2024年シーズン全日本ラリー選手権第6戦「2024 ARK ラリー・カムイ」は、7月7日(日)に6カ所のスペシャルステージを走行し、トップカテゴリーのJN-1クラスは、新井大輝/松尾俊亮(シュコダ・ファビアR5)が、勝田範彦/木村裕介(トヨタGRヤリス・ラリー2)に1分00秒8差をつけてシーズン4勝目を飾った。1分13秒6差の3位には奴田原文雄/東駿吾(トヨタGRヤリス・ラリー2)が入っている。
ラリー2日目は「NEW SUN-RISE(3.64km)」、「STREAM(9.11km)」、「ORCHID SHORT(12.31km)」の3ステージを、サービスを挟んでリピートする6SS、50.12km。SS9/SS12として行われるORCHID SHORTは、今回最長の12.31kmを走行するだけでなく、前日の「MAGNOLIA REVERSE」同様に舗装セクションが含まれており、特に路面が汚れる2回目の走行では注意が必要となる。
前日に続き、この日も朝からサービスのニセコアンヌプリ国際スキー場駐車場は雨が降っており、コンディションはウエット。首位の新井大輝は、初日だけで2番手の勝田に26.3秒のアドバンテージを確保しているが、それでも「タイトルのためには、デイポイントも獲らなければならない」と、ペースを緩めるつもりはない。
その言葉どおり、新井大輝はオープニングのSS7では奴田原に2.4秒、勝田に2.8秒差をつける一番時計。このステージでは前日まで3番手につけていた新井敏弘/井上草汰(スバルWRX S4)が、ブレーキが効かずにコースオフを喫し、30秒近くのロス。これで新井敏弘は総合5番手にドロップし、代わって奴田原が3番手、福永修/齊田美早子(シュコダ・ファビア・ラリー2 Evo)が4番手に順位を上げた。
新井大輝はSS8、SS9でも連続ベストを並べ、2番手勝田との差を41.7秒に拡大。午前中の全SSでセカンドベストを記録した奴田原が、勝田との差を10.3秒に縮めている。以下、総合4番手に福永、総合5番手に新井敏弘、総合6番手にヘイキ・コバライネン/北川紗衣(トヨタGRヤリス・ラリー2)、総合7番手に鎌田卓麻/松本優一(スバルWRX STI)のオーダーで続く。
サービスを挟んだ午後のセクション。雨は止んだものの、依然として滑りやすいコンディションのなか、新井大輝は残された3本のSSでもベストタイムをマーク。特に最終のSS12は電装系トラブルの兆候に見舞われながらも、スピードを緩めることなく走り切り、2位の勝田との差を1分00秒8にまで広げている。
久々のグラベルラリーでの勝利に新井大輝は「改善点はまだありますが、その中でもまとめることができました。
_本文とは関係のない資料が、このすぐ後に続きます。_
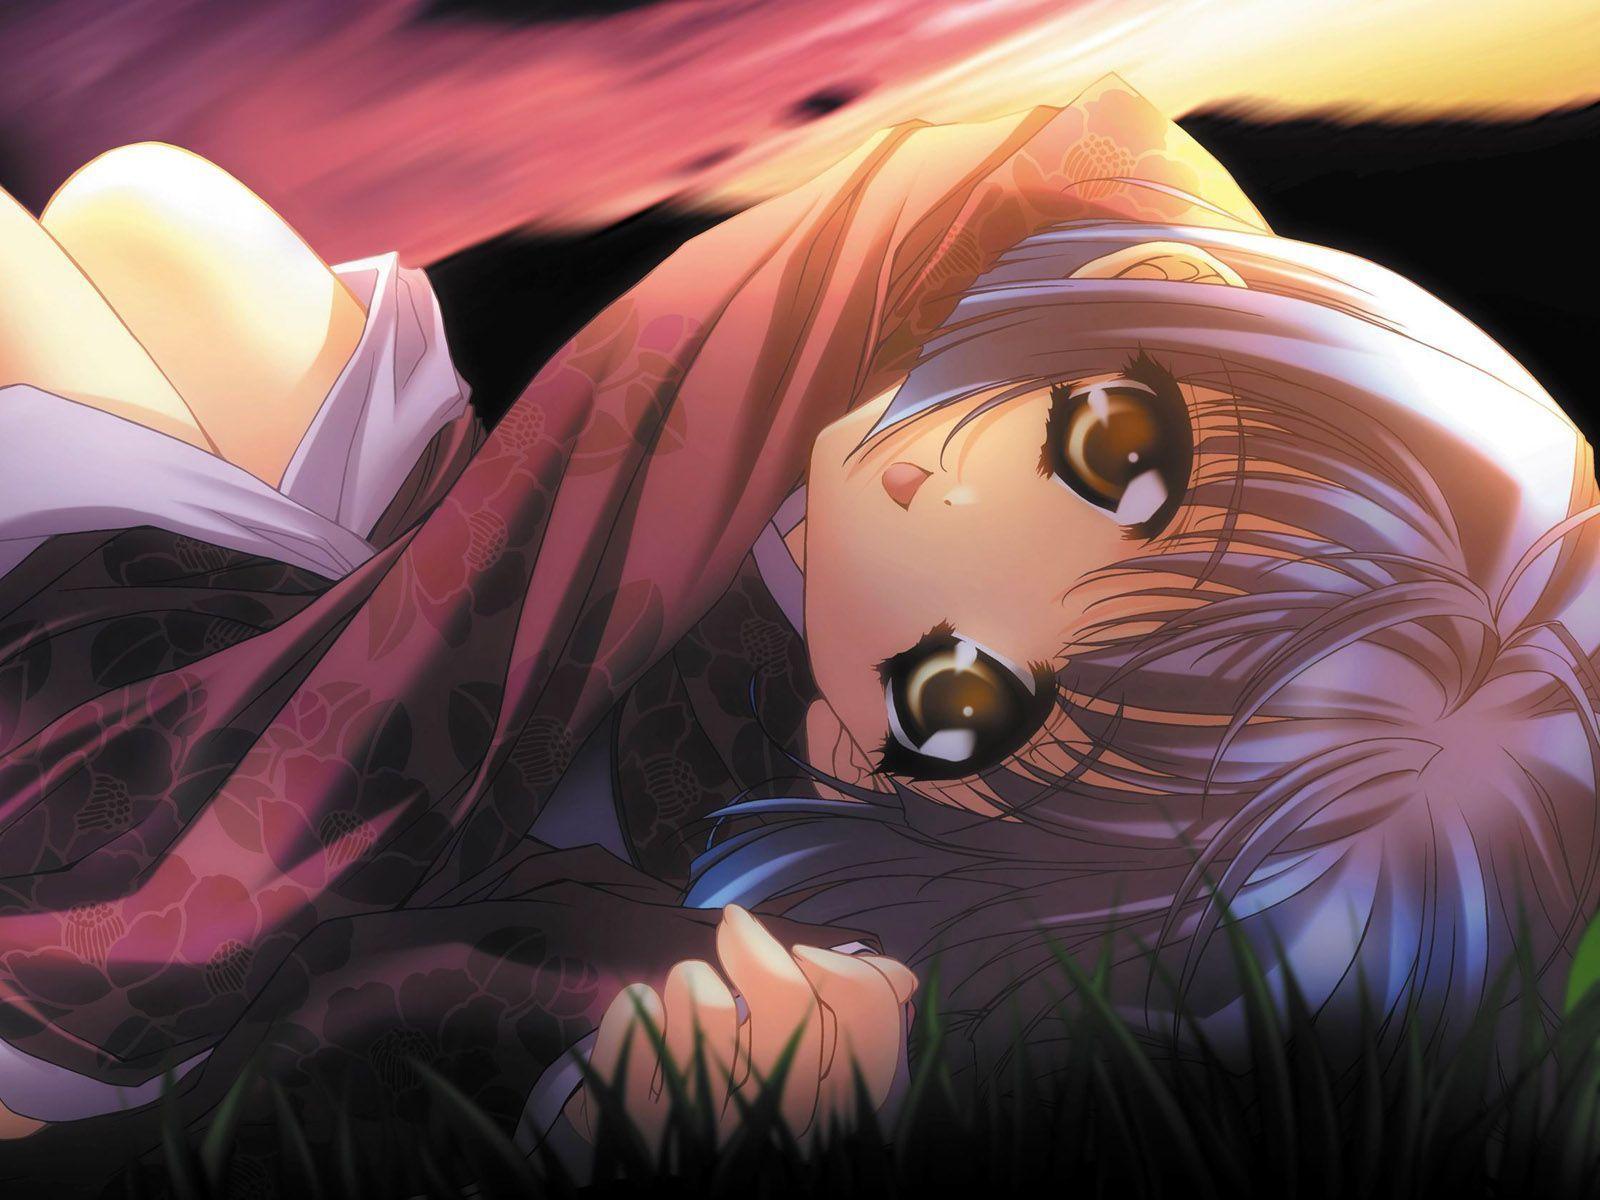 Topic dédié aux images mangas ^^ 14w2jlij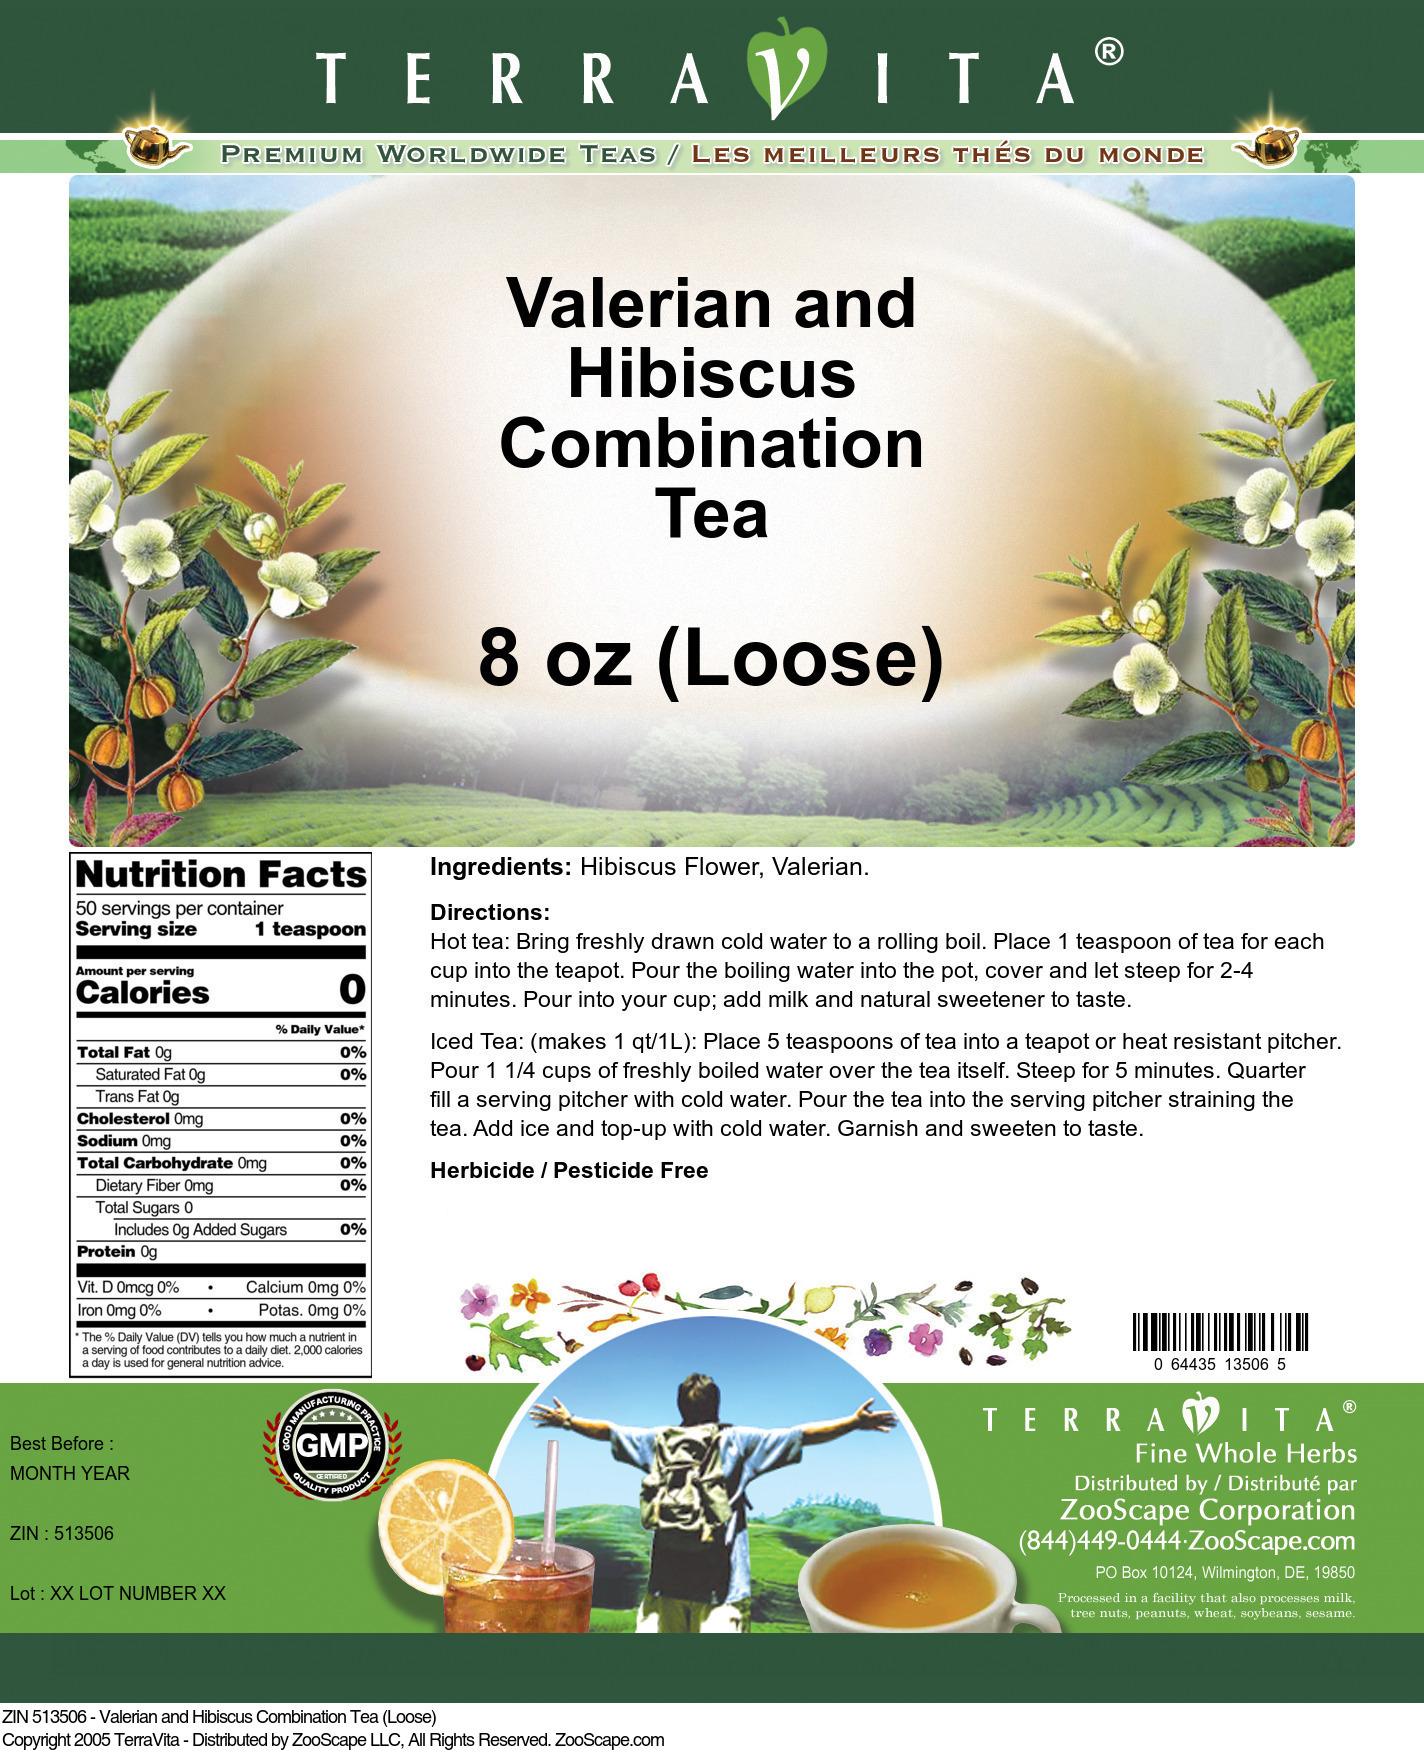 Valerian and Hibiscus

もっと速く走らせるためにどうすればいいのか、具体的に理解できたのは大きな手応えになりました。あらためてファビアR5はバランスの取れた、すごくいいクルマだと実感しています」と、笑顔で語った。
勝田はSS10こそコバライネンに2番手タイムを奪われたものの、SS11、SS12とセカンドベストを刻み、奴田原を突き放して2位でフィニッシュ。しかし、新井大輝に1分以上も離されたことを受けて「マシンのポテンシャルはあるんですが、僕がそれを出し切れていない感じがしています。ラリー北海道に向けて、セッティングだけでなく、ドライビングも含めて、色々と考え直していきたいと思っています」と、悔しさをにじませた。
奴田原は前日からひとつ順位を上げて、1分13.6秒差の3位表彰台を獲得。「今回、勝田選手と同じレベルで走れるようになったので、それ以上のスピードで走るにはどうすべきか、ラリー北海道に向けて考えます」と、収穫を語っている。
1分42秒4差の4位に福永、表彰台圏内を守れなかった新井敏弘は1分57秒4差の5位。鎌田は前日からひとつ順位を上げ、3分37秒6差の6位でラリーを終えた。今回、GRヤリス・ラリー2初ドライブとなったコバライネンは、最終SSでブレーキトラブルに見舞われてスローダウン、首位から9分46秒5差の11位ながらも、復帰戦を走り切っている。